__Instructions for the task__.
Copying rule for the data below: pictures stay out, and only the lines from the one with "Gimbal Naza Wiring" down to the one with "home-2406416_1920", inclusive, are repeated exactly.

__Provided data__.
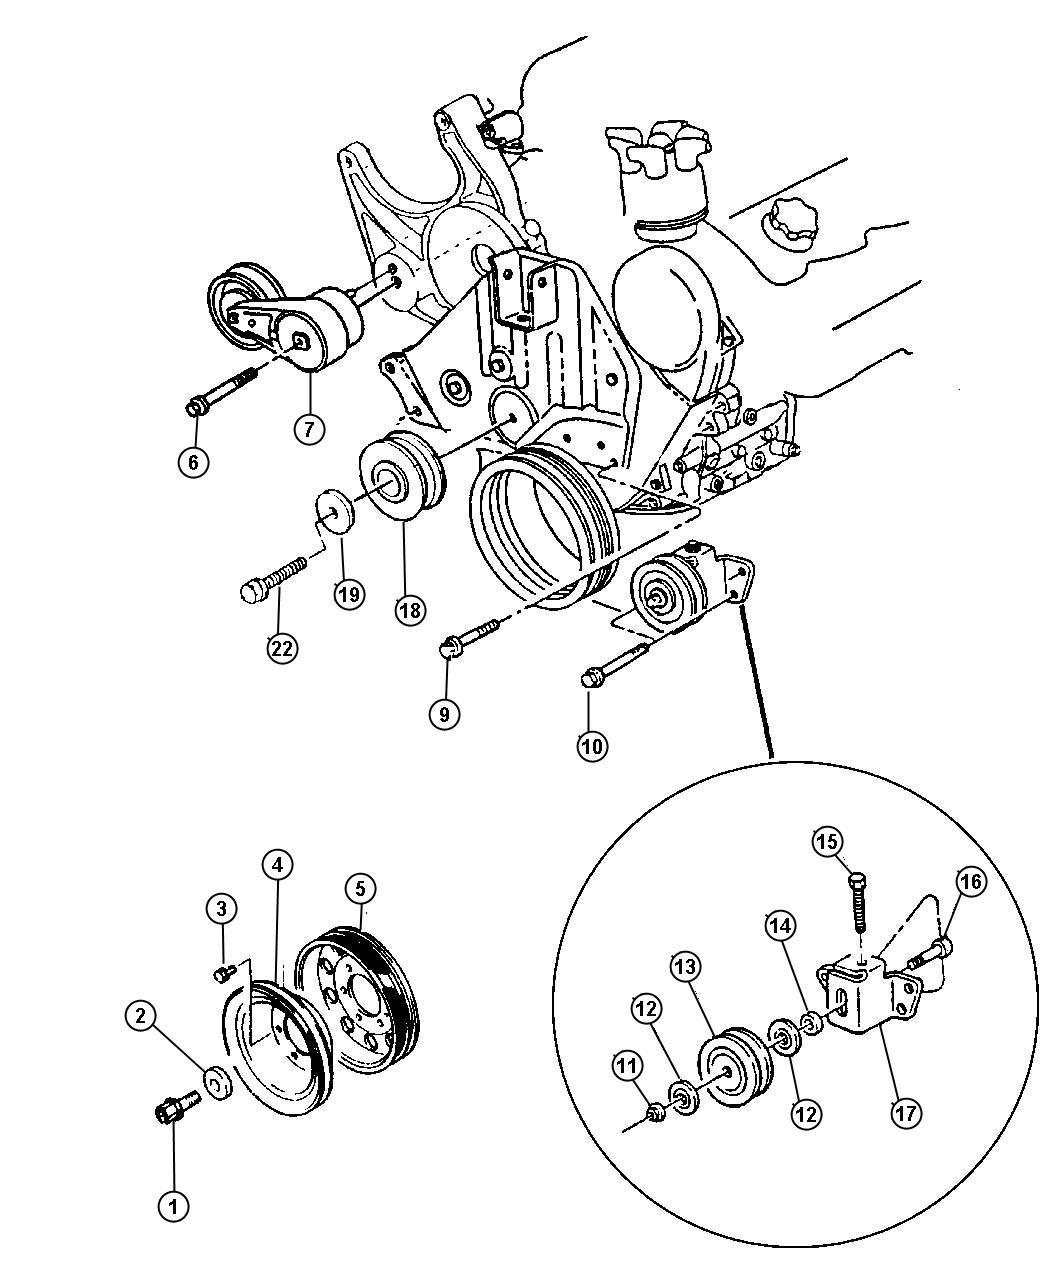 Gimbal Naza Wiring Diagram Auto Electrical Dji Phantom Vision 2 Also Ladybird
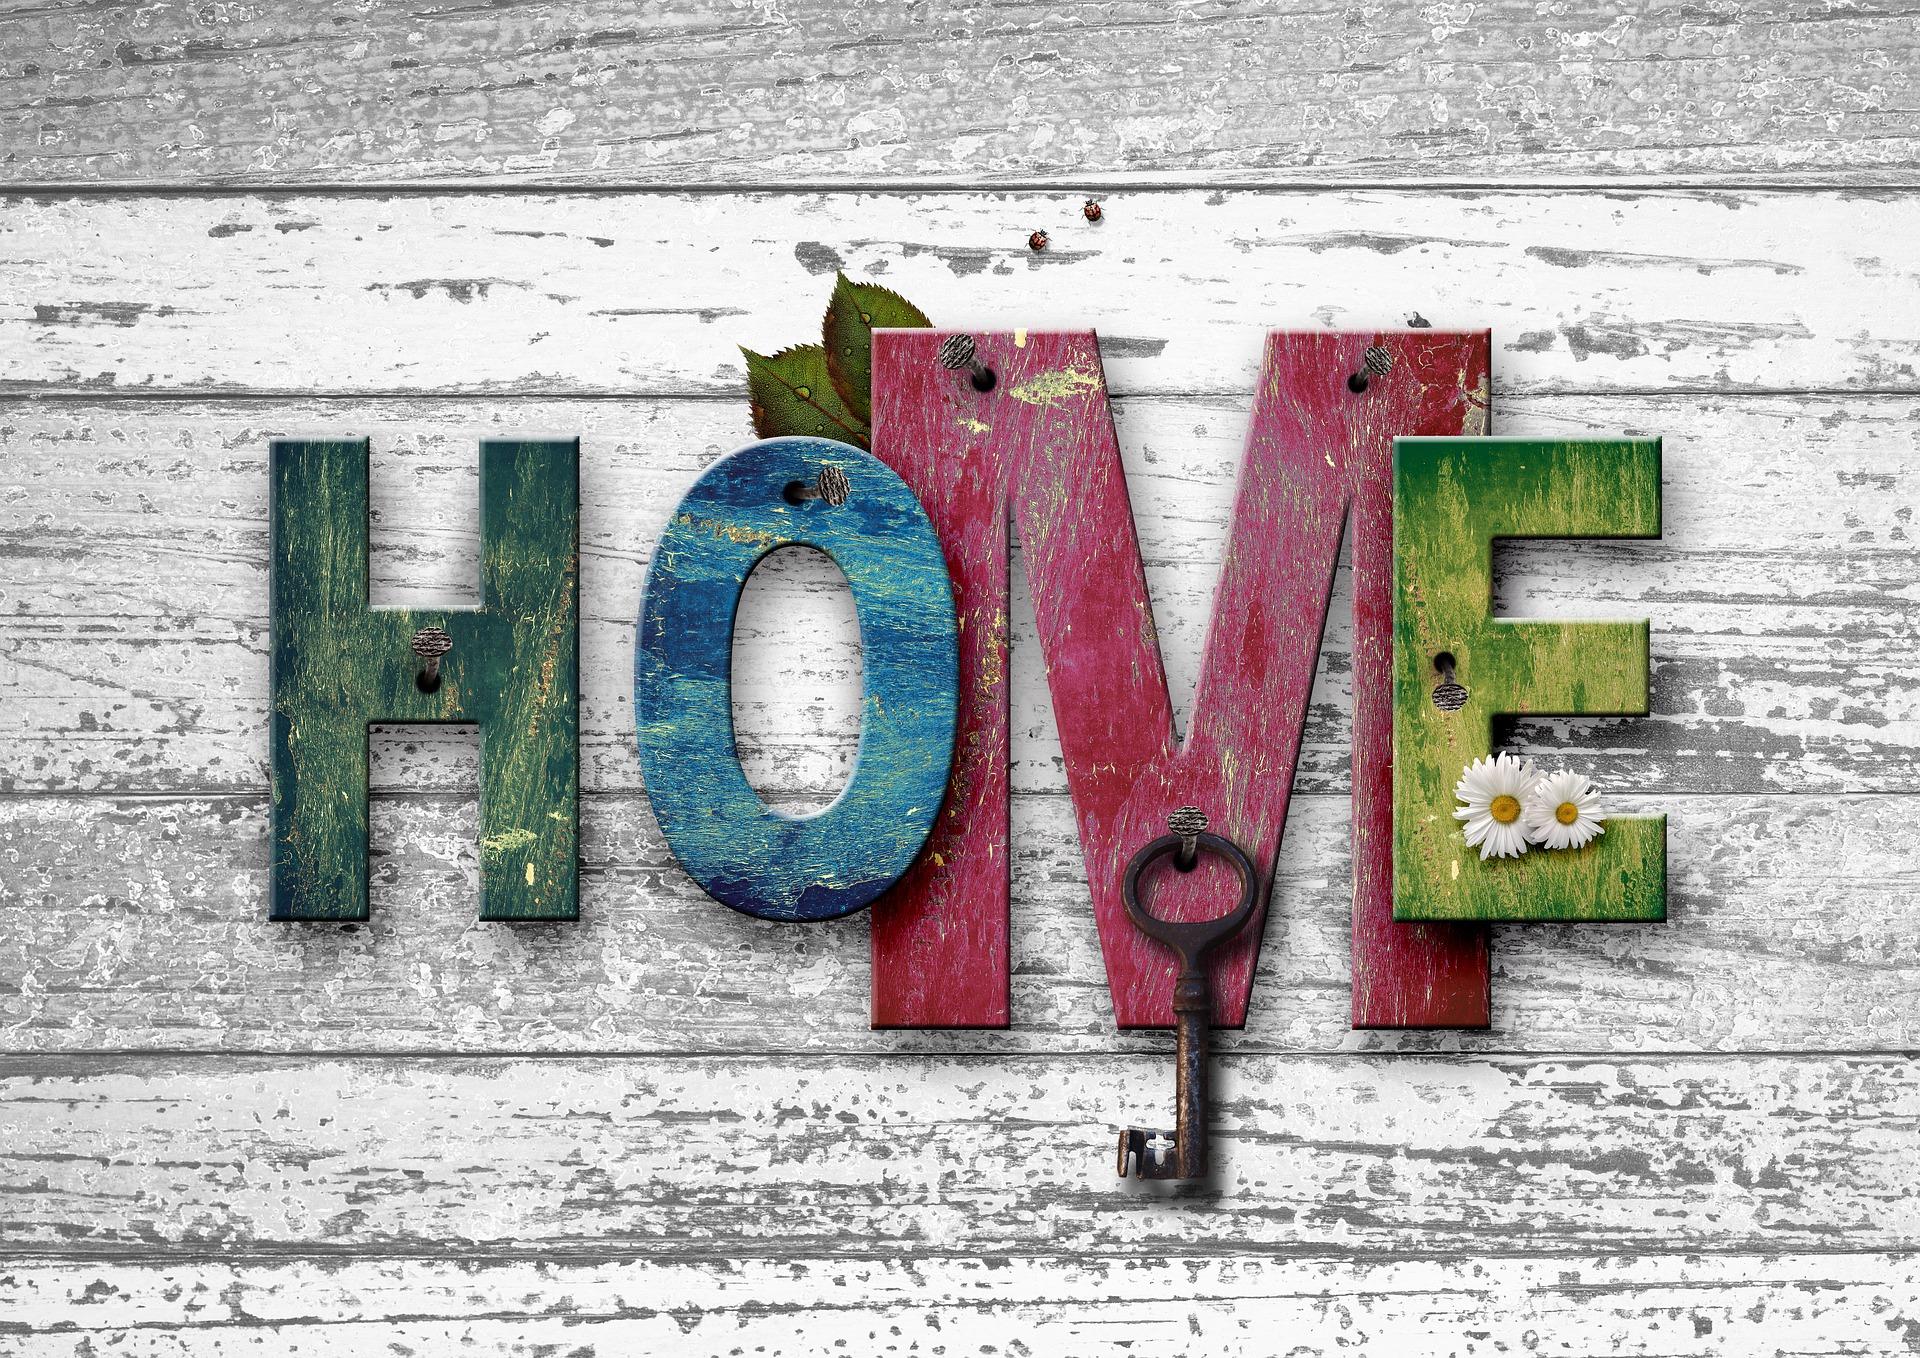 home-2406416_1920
==
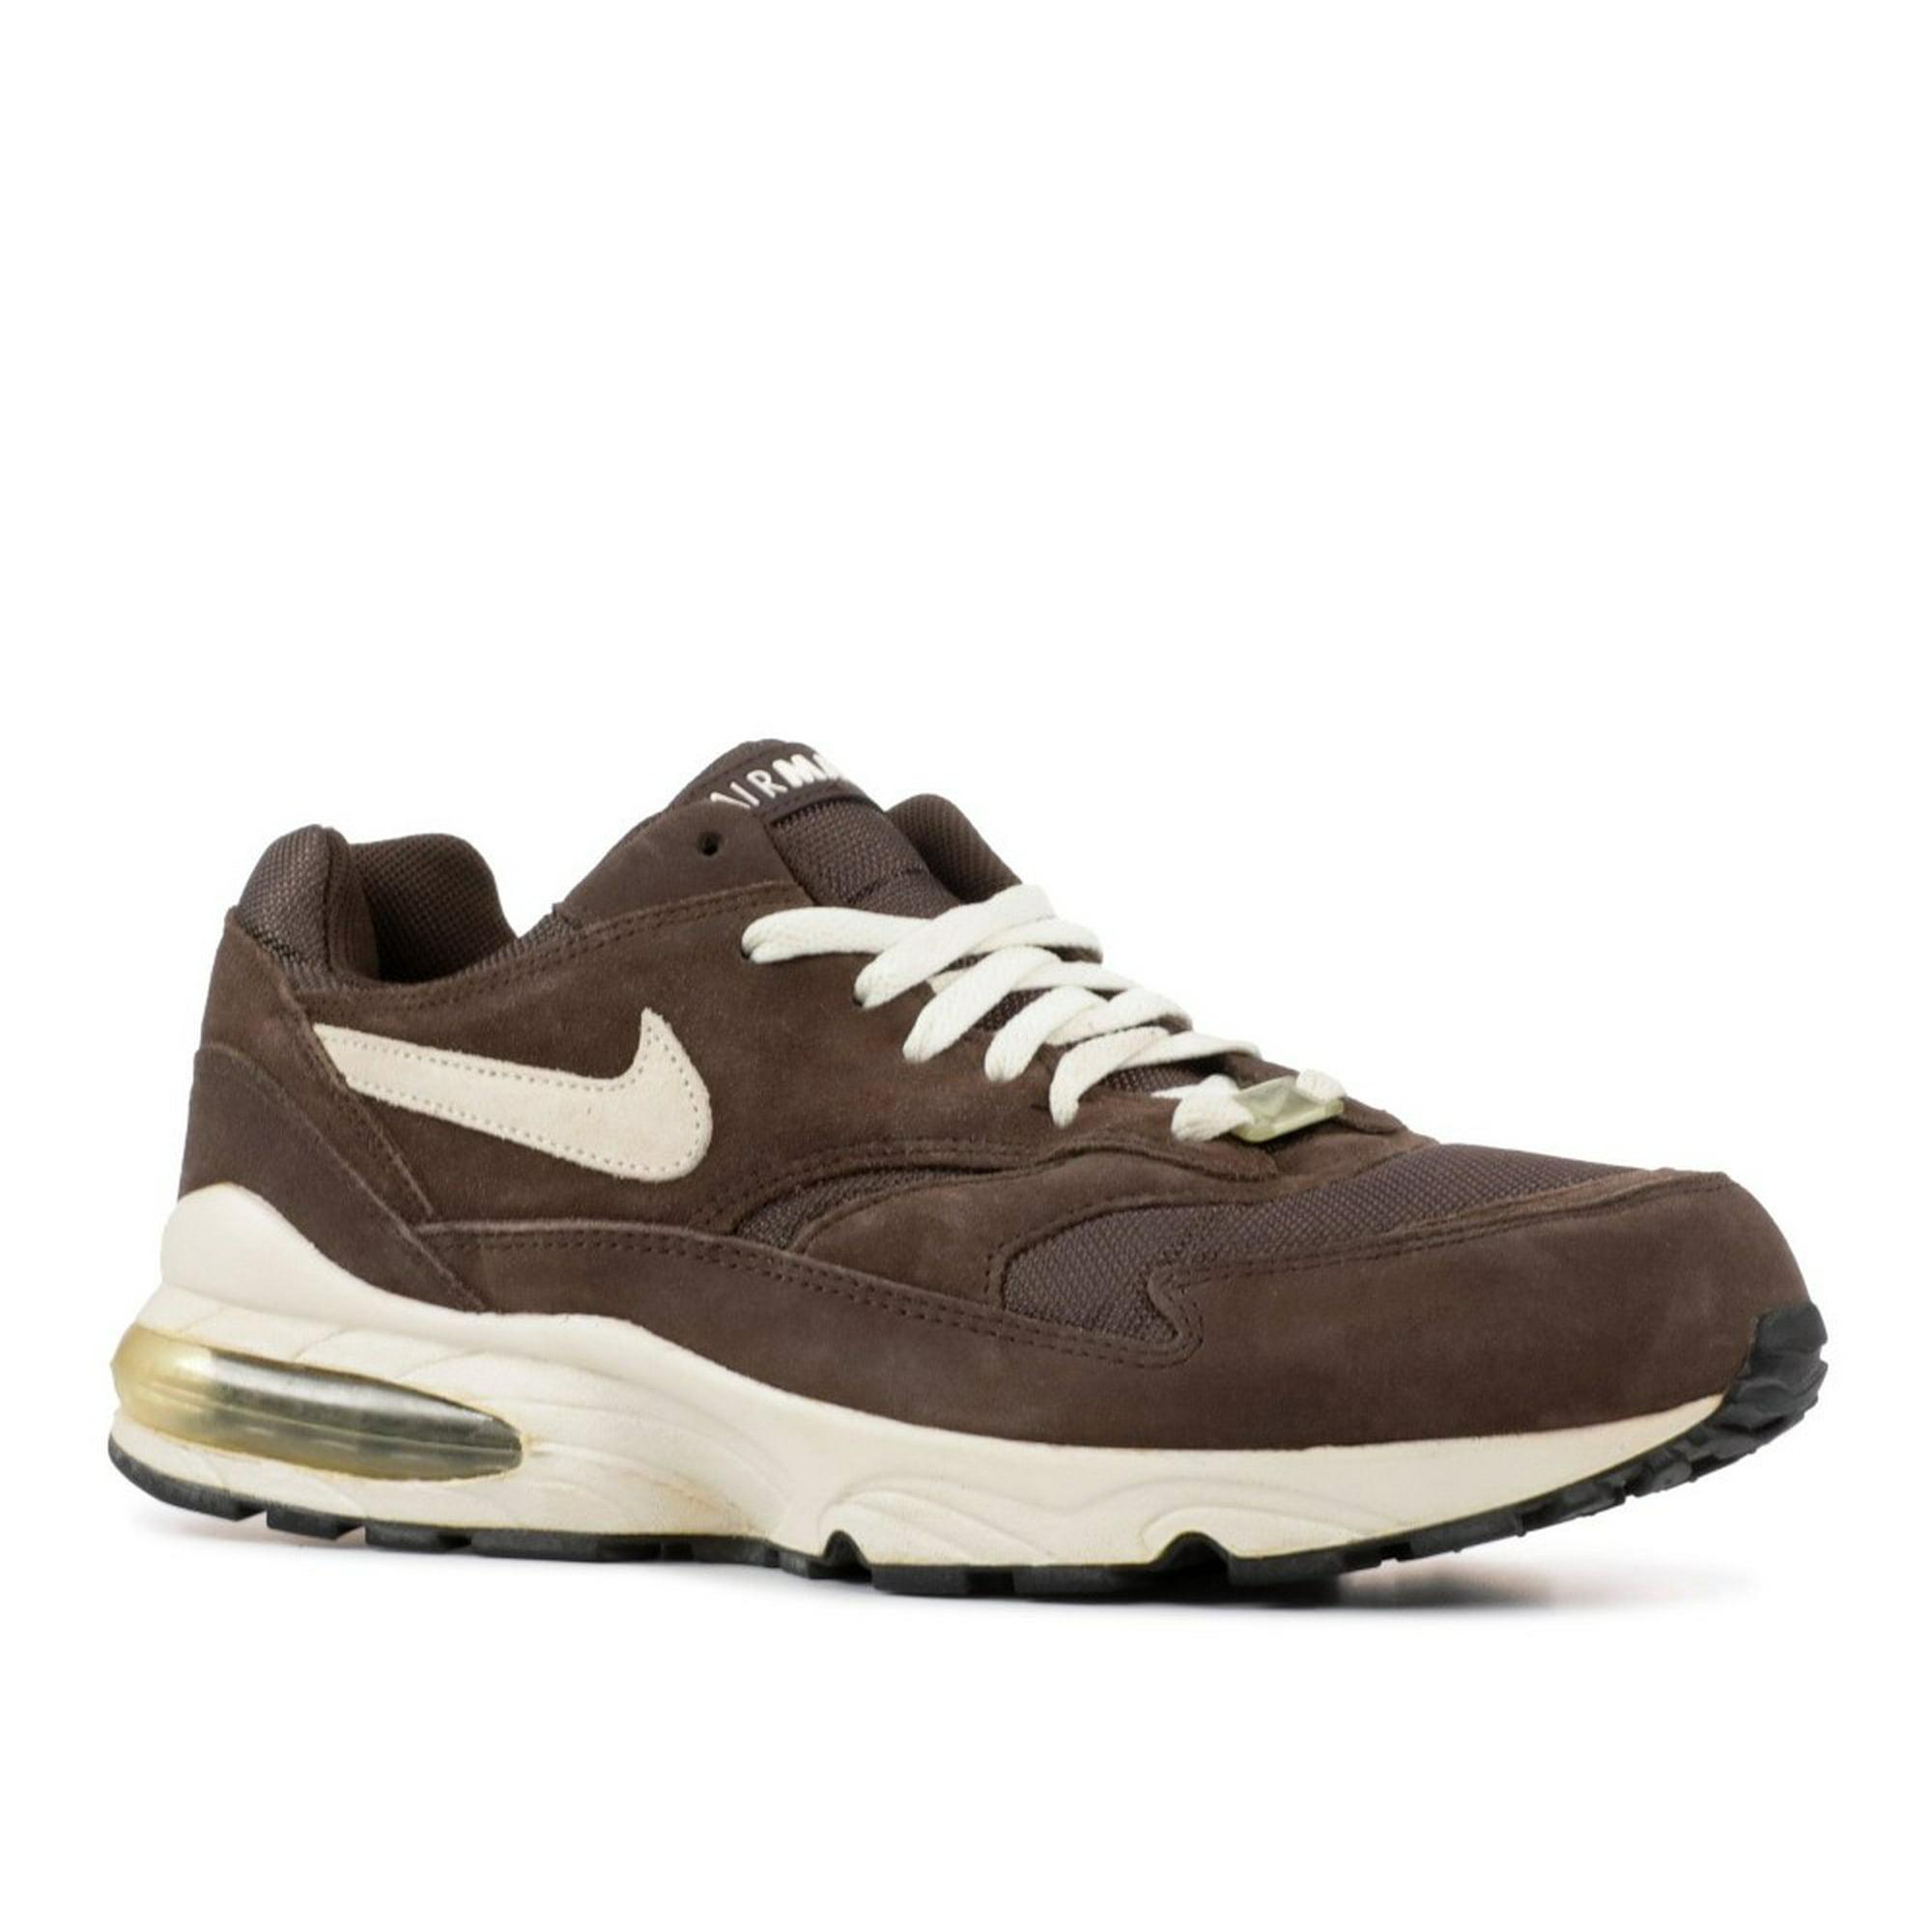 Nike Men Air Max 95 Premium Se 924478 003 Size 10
==
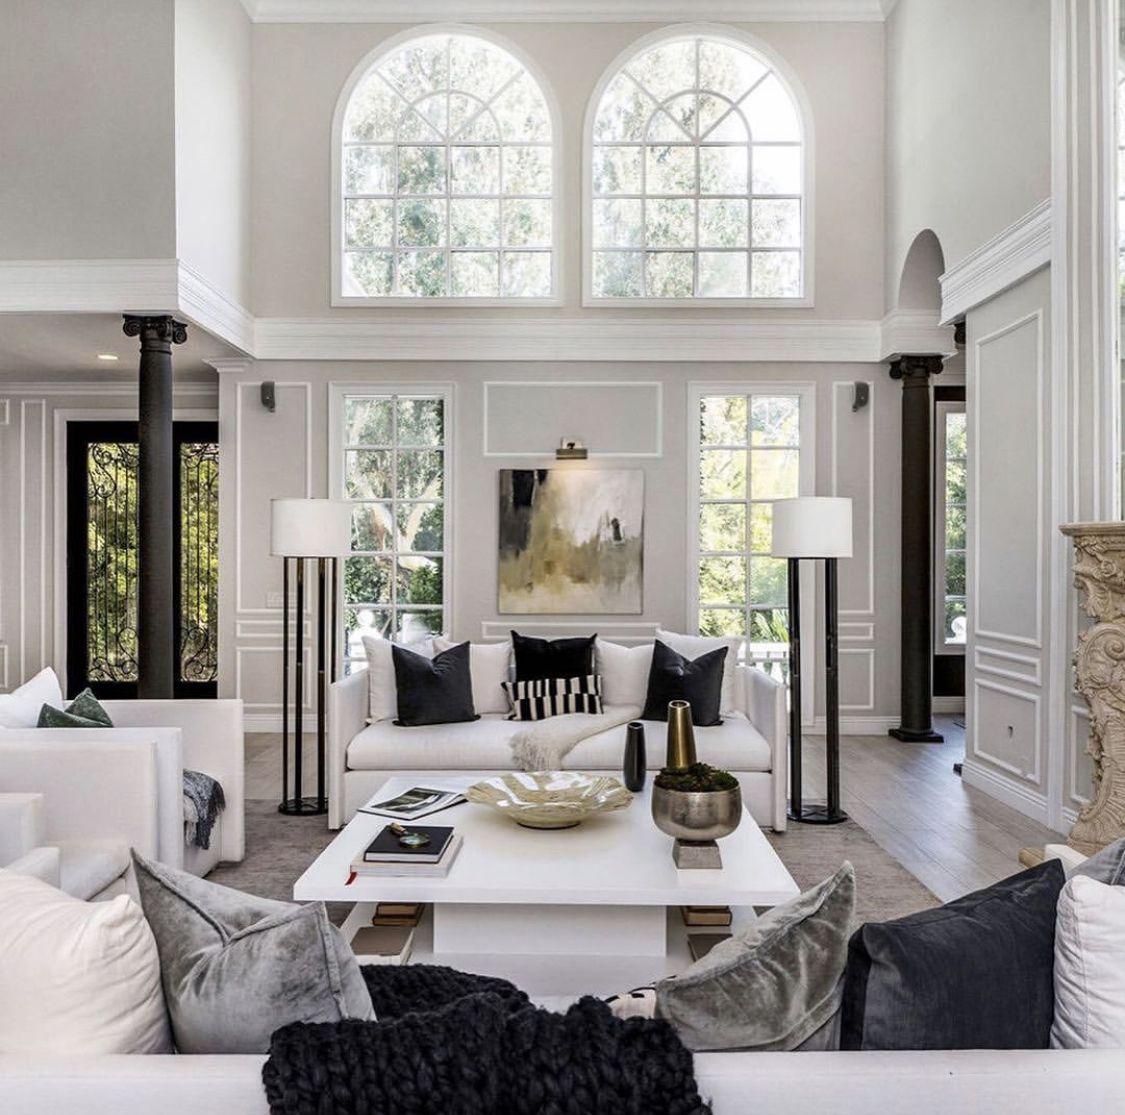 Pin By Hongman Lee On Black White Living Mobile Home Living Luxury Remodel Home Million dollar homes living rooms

__Finished task__.
 Gimbal Naza Wiring Diagram Auto Electrical Dji Phantom Vision 2 Also Ladybird
 home-2406416_1920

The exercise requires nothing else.